We're sitting on 469 billion tons of coal, 2.9 trillion cubic feet of gas, and centuries of nuclear fuel. But in the U.S., building power plants now requires a legal team and a decade of hearings. We've turned power generation into a theater of guilt—where producing energy in the U.S. is too sinful to permit but importing it from somewhere else lets us feel pure. It's not policy. It's penance.

In 2021, New York shut down the Indian Point nuclear plant—one of its last sources of zero-emissions baseload power. That same year, the state began ramping up electricity imports from Canada to fill the gap, bringing in 7,600 gigawatt-hours. Hydroelectric power alone couldn't handle the demand, so Ontario's gas plants fired up to meet the demand, releasing an estimated 1 million tons of carbon dioxide. But because those emissions occurred north of the border, New York claimed a drop in its own energy-sector emissions.

And that's the game: When Canadian hydro falters, Canadian gas steps in—but the emissions vanish on U.S. climate ledgers.

Vermont (importing over 80 percent of its electricity), Massachusetts, and much of the rest of New England operate from the same playbook. The grid operator they belong to (ISO-NE)  imports around 15 percent of its winter peak from Canada. When hydro output dropped 18 percent due to drought, gas peaker plants and fossil fuels saved the day. In 2023 alone, utilities in Quebec, Ontario, and New Brunswick generated an estimated 13.4 million metric tons of carbon dioxide—none of which appear on the emissions ledgers of states like Massachusetts and Vermont, despite their heavy reliance on imported power from those provinces. Meanwhile, the 1,200 megawatt Commonwealth Wind project was canceled outright after the developer paid $50 million to walk away, citing financial infeasibility and permitting delays.

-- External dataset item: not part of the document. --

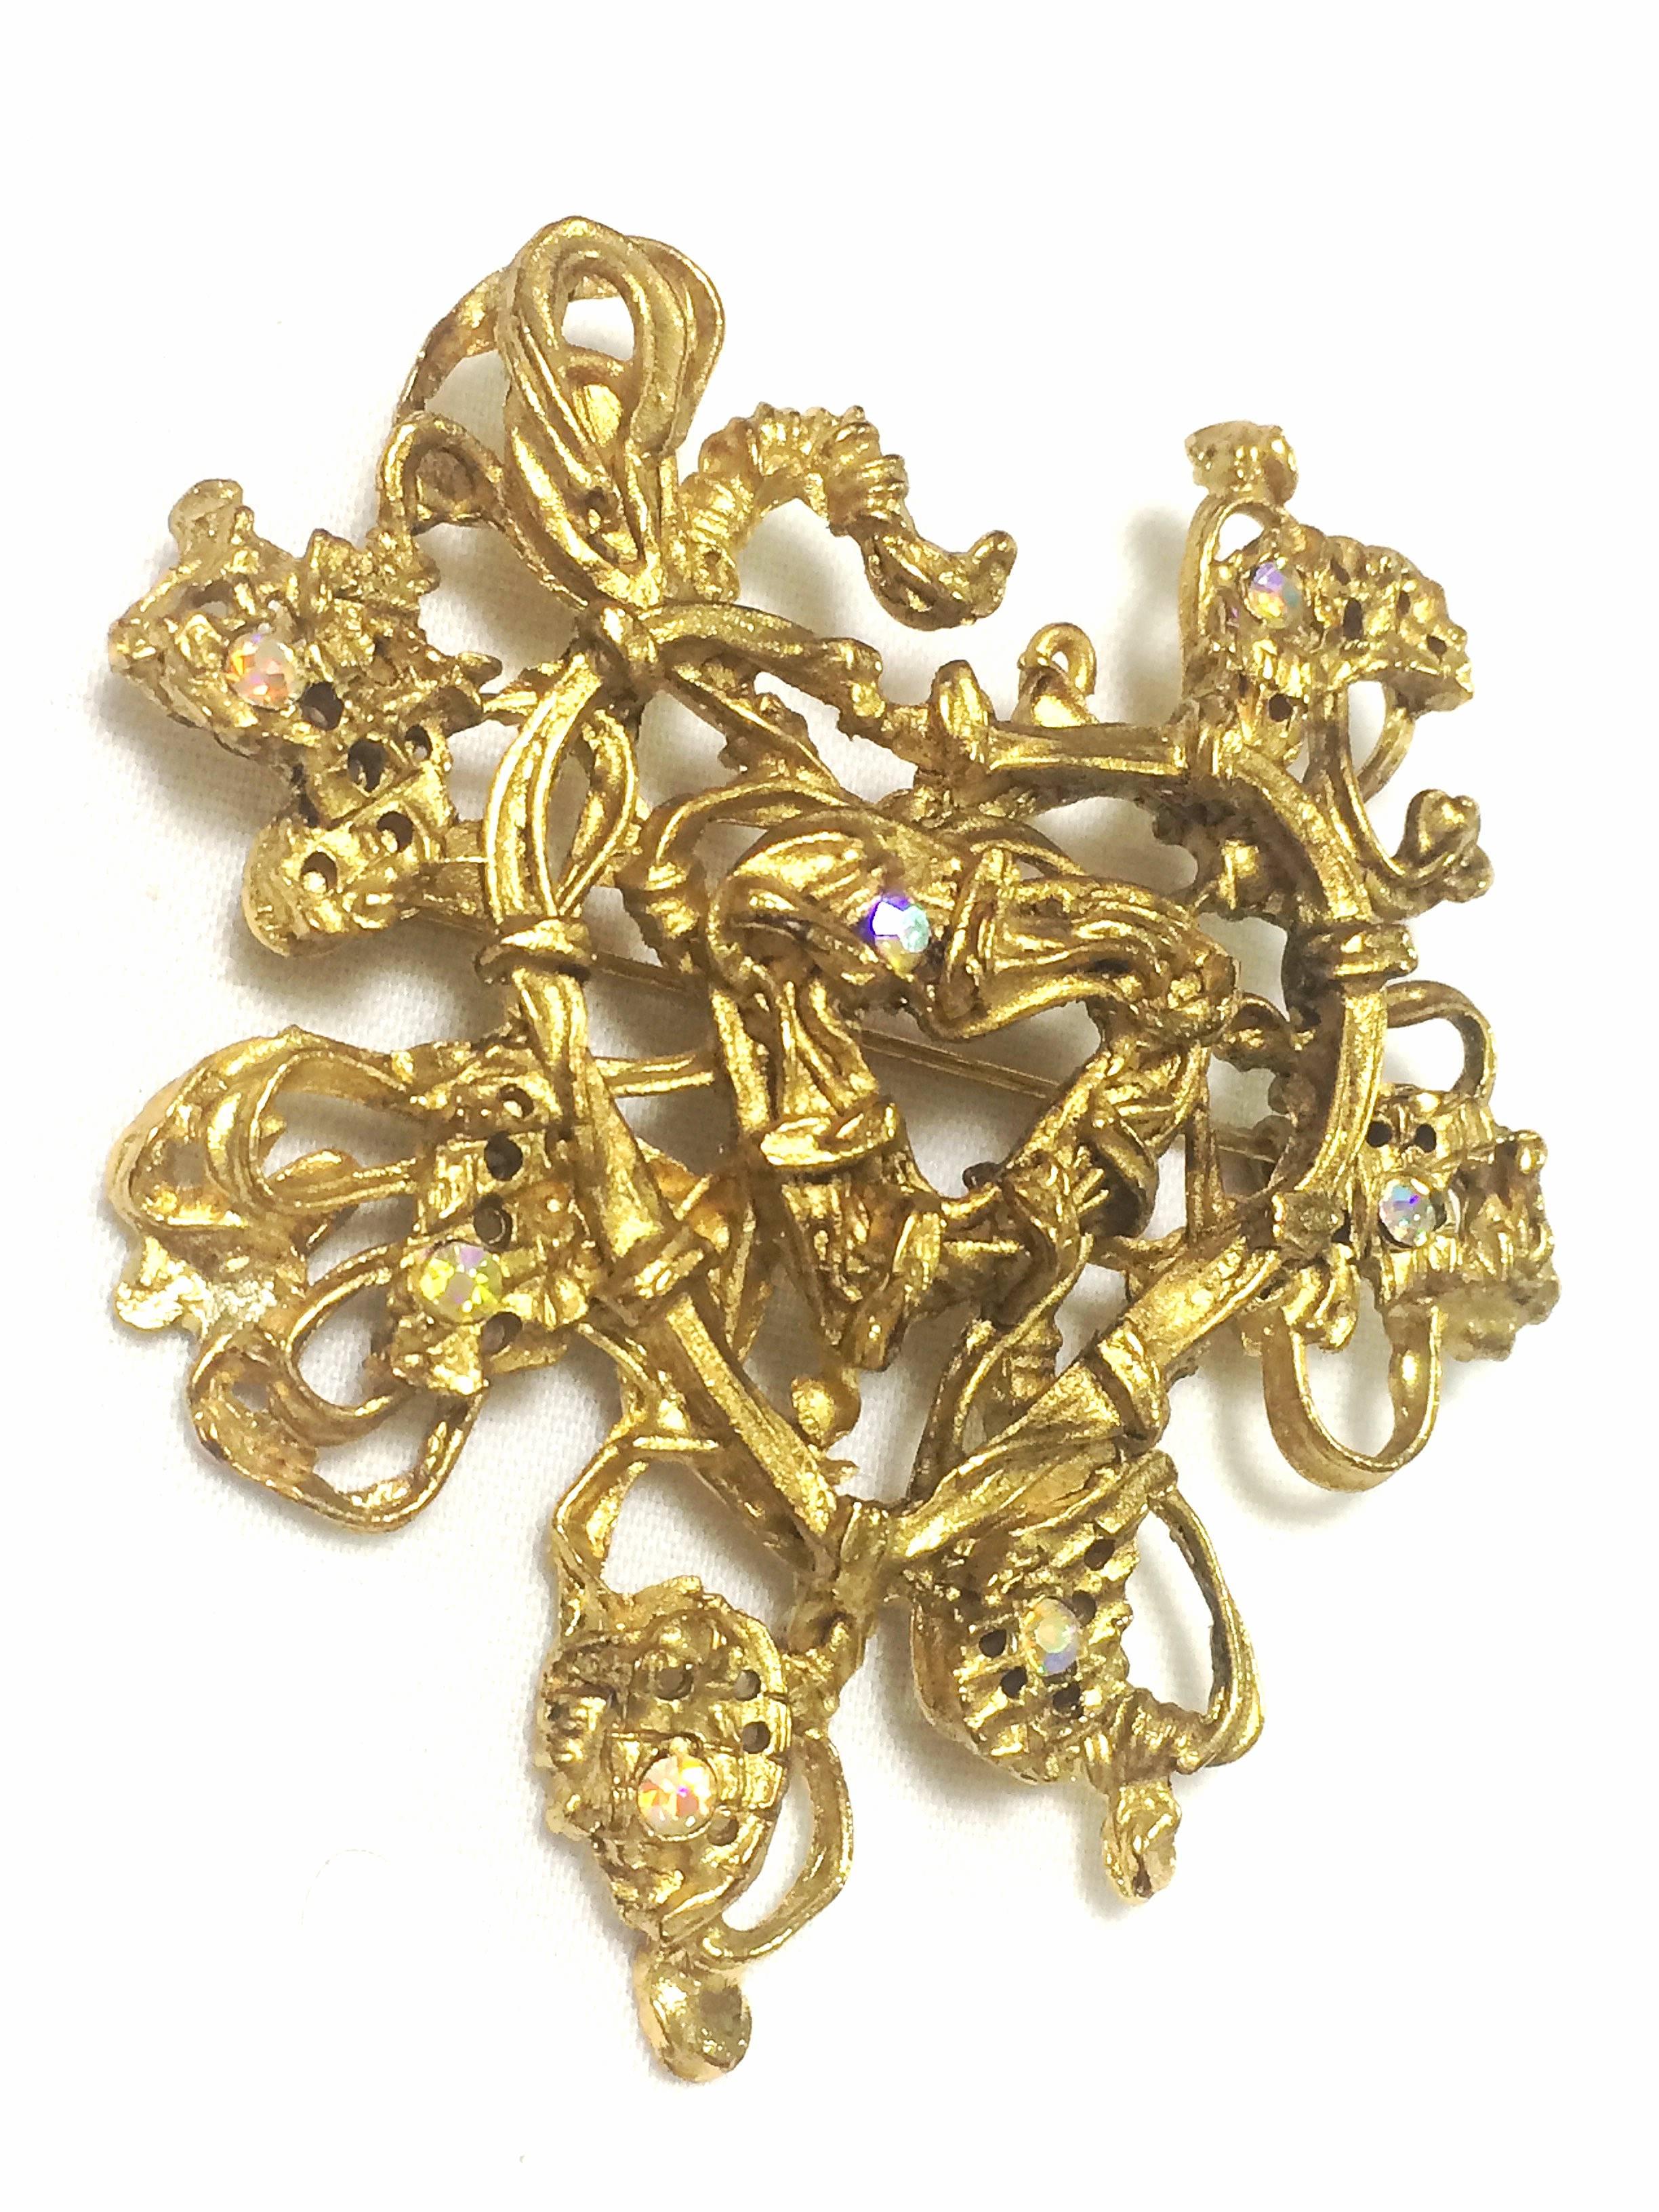 Vintage Christian Lacroix golden edwardian heart and arabesque design brooch In Excellent Condition For Sale In Kashiwa, Chiba

This is not a glitch in the system—it is the system.

A 1999 rule by the Environmental Protection Agency allows states to treat imported electricity as emissions-free, regardless of how it's generated. It's a convenient accounting trick that lets politicians hit climate targets without reducing actual emissions. At the same time, domestic energy projects face a labyrinth of legal, regulatory, and activist roadblocks—thanks to laws like Title V of the Clean Air Act and a permitting system that treats any new infrastructure as a threat until proven otherwise.

We've built a political culture that worships the optics of clean energy while punishing the act of actually producing it. Across the Northeast, domestic energy projects don't just struggle—they're buried. Offshore wind collapses under lawsuits over fishing rights and ocean views. Small modular reactors gather dust in regulatory limbo. Pipelines are killed over silt and wetlands. Nuclear plants drown in litigation. 

In 2016, New York vetoed the Constitution Pipeline, leaving the Marcellus Shale untapped. Two years later, during a brutal cold snap, Massachusetts imported liquefied natural gas—from Russia—rather than lay pipe from Pennsylvania. A proposed 42-megawatt biomass plant in Springfield, Massachusetts, was blocked on a technicality in 2021 after years of permit delays and concerns over "environmental justice." Clean, local energy was too controversial. Imported emissions? No comment.

Altogether, the region has canceled enough projects to generate 42,000 gigawatt-hours a year—more than 50 percent above the power we imported from Canada in 2024. We're not out of energy. We've just outlawed reality.

We pretend it's progress. We pretend the air is cleaner. We pretend that exporting emissions is environmentalism. It's not. It's theater for climate lobbies, campaign soundbites, and activists who measure success in press releases, not power output. The emissions remain. Only the guilt is outsourced.

So no, Ford's tariff threat isn't the story—it's just the headline. The real story is what made that threat possible: our addiction to imported virtue, our refusal to build, and a regulatory culture that punishes the very act of producing energy. We're not short on power. We're just too sanctimonious to generate it.